Frontier worked on a report for the UK Department of Digital, Culture, Media and Sport that looked at this. One interesting aspect is the ‘limited excludability’ of data. This means that, as a company, it’s hard to police how others use data once you’ve shared it. This is unique to digital goods and assets that can be replicated and transferred easily. A result we see is that data organisations either do not share their data (or only share it with a limited few), or they only share it through lengthy licence agreements.
We’re starting to explore how governments can help overcome this problem. This could include providing standardised data licensing agreements, or supporting trustworthy institutions that work as intermediaries between data providers and users.
How has the use of data changed in your work for governments?
Two changes have happened recently. First, there are new ways to generate data used to inform public policy. For example, we’ve worked with collaborators using AI to identify and categorise companies active in emerging sectors.
Second, because most countries are grappling with digital technology issues, I’ve found myself working increasingly on international projects. For example, we’ve recently used data on online harms in Germany to draw lessons for proposed regulation in the UK.
What data are firms in the energy sector collecting?
Over the last decade, the amount of data generated across the energy value chain has increased tremendously.

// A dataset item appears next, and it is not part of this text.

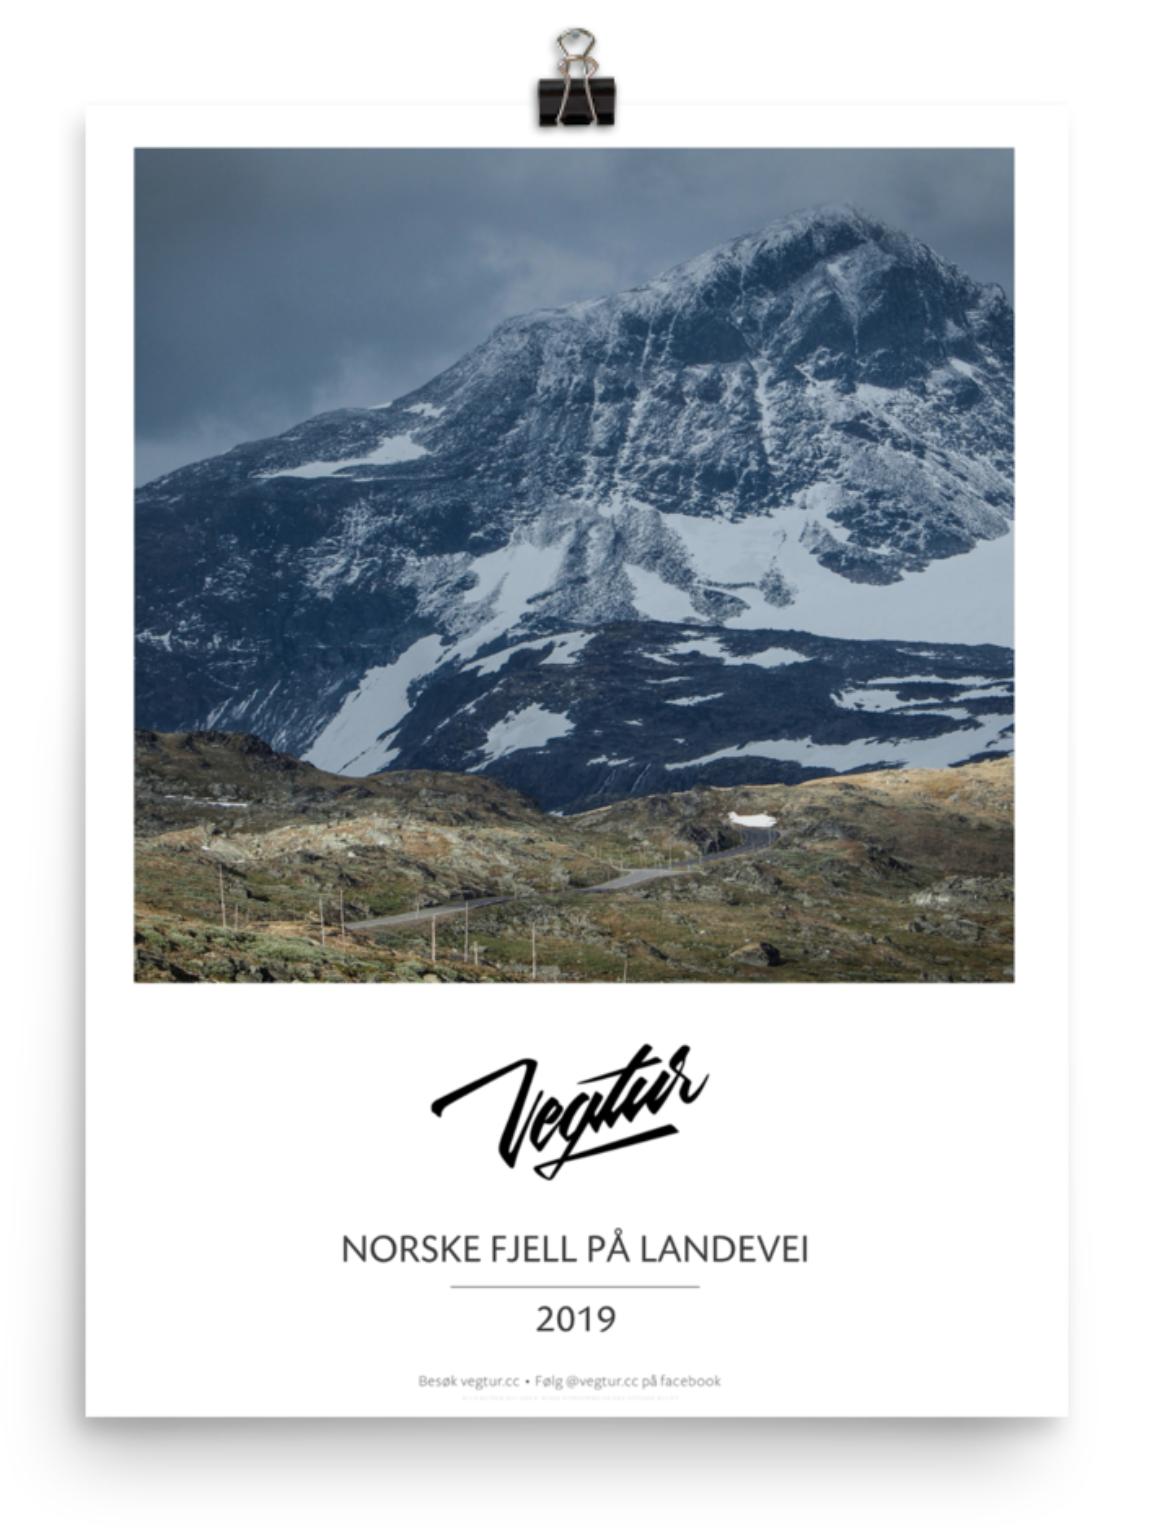 vegtur_kalender_2019_norskefjellpalandevei.png

Most visibly for consumers, smart meters allow suppliers to understand how much electricity and gas is being consumed, hour by hour. Devices like smart thermostats and appliances are also being increasingly adopted. But the energy networks themselves are also producing ever greater amounts of data. For example, while local electricity distribution networks used to be quite passive, smart grid systems allow the network operators to really understand how their assets are working and how to make the most out of them.
How are these companies using their data, and how is it impacting their business models and commercial decision-making?
On the consumer side, smart meters and half-hourly settlement are enabling some really interesting business models, which can also help with decarbonisation – different types of smart time-of-use tariffs, for example. But at present these mainly appeal to early adopters, so a challenge will be figuring out how to engage other customers too. Like any retail organisation, energy suppliers collect a lot of consumer behaviour data, which can be used to help with this.
Networks and generators are using techniques such as digital twins to predict where and when maintenance or investment should be carried out. For example, an electricity network might use models to forecast which parts of its network may come under stress in the future, and then consider whether this can be overcome using ‘smart’ interventions like demand-side response or energy efficiency, in addition to traditional reinforcement.
Is there any newly available data which could have an impact on businesses or regulation?
While smart meter data in the UK is available to suppliers, other entities like networks and government are not able to access even anonymised customer-level data. These datasets may be useful for networks to better understand the loads on their systems, or for policymakers to estimate the distributional impacts of interventions.
We’re also seeing a variety of open data initiatives. Regulators are pushing organisations towards taking a ‘whole system’ view (considering the impact of actions across the energy value chain) and the availability of new data will help make this a reality.